Wall shear stress and arterial performance: two approaches based on engineering

Abstract

This crucially important subject generates a very wide literature and the recent authoritative ‘in vivo’ review of Reneman et al [1] (& [2]), with Vennemann et al [3], are taken as seminal. In this paper we use approaches based on conventional engineering to address two key issues raised in [1]. The first is that of basic theory. To what extent can underlying fluid flow theory complement the in vivo understanding of wall shear stress (WSS)? In [1], which is sub-titled Discrepancies with Theory’, Poiseuille’s Law is used, extended to Murray’s Law in [2]. But they do ’not hold in vivo’ [2] because ‘we are dealing with non-Newtonian fluid, distensible vessels, unsteady flows, and too short entrance lengths’ [1].This comment coincides with the four factors Xu and Collins identified in their early Review of numerical analysis for bifurcations [4]. Subsequently they addressed these factors, with an engineering-based rationale of comparing predictions of Computational Fluid Dynamics (CFD) with Womersley theory, in vitro and in vivo data. This rationale has yet to be widely adopted, possibly due to computing complexities and the wide boundary condition data needed. This is despite uncertainties in current in vivo WSS [2]. Secondly, [1] and [2] focus on endothelial function.
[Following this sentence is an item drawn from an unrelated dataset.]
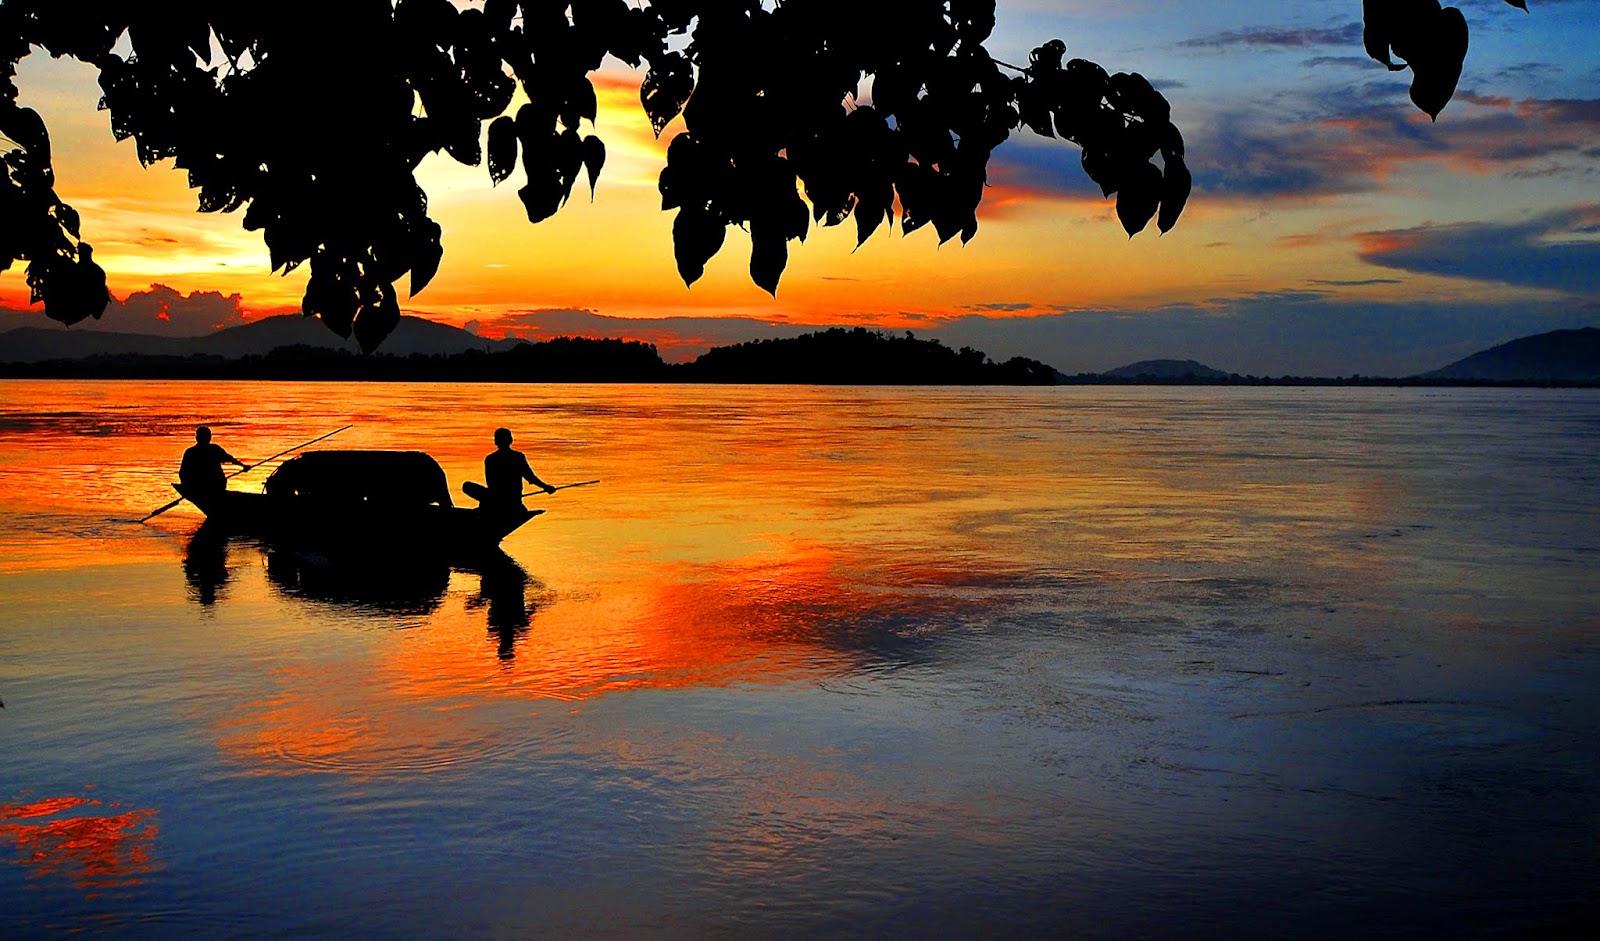 Bangladesh wallpapers view print download beautiful evening bangladesh brahmaputra river full - Bangladesh wallpaper download ...

WSS is an ‘important determinant of arterial diameter’ and ‘mean (M)WSS is regulated locally’. One pointer is the possible importance of the glycocalyx, so that ‘endothelial cells are not seeing WSS’ and which ‘may be involved in the regulation of the total blood flow’ [3]. A typical glycocalyx is shown in [3]. Such a model should focus on adaptation of arterial diameter by ‘nitric oxide and prostaglandins’ [1]. So, using an engineering approach, can we construct a model for local regulation of MWSS? Again, remarks from [1]-[3] resonate with the conclusions of a review of nanoscale physiological flows [5] undertaken as part of an early Nanotechnology Initiative of the UK’s EPSRC. In [5] is illustrated the fractal nature of the intestinal villi-glycocalyx geometry, together with an engineering-style control loop for nitric oxide release and arterial diameter-flow rate control. Within our discussion we report two studies to obtain CFD predictive data very close to the endothelial surface. In both cases we compared two independent codes, respectively two CFD codes, and CFD and Lattice Boltzmann solvers. We also give an updated version of the endothelium control loop.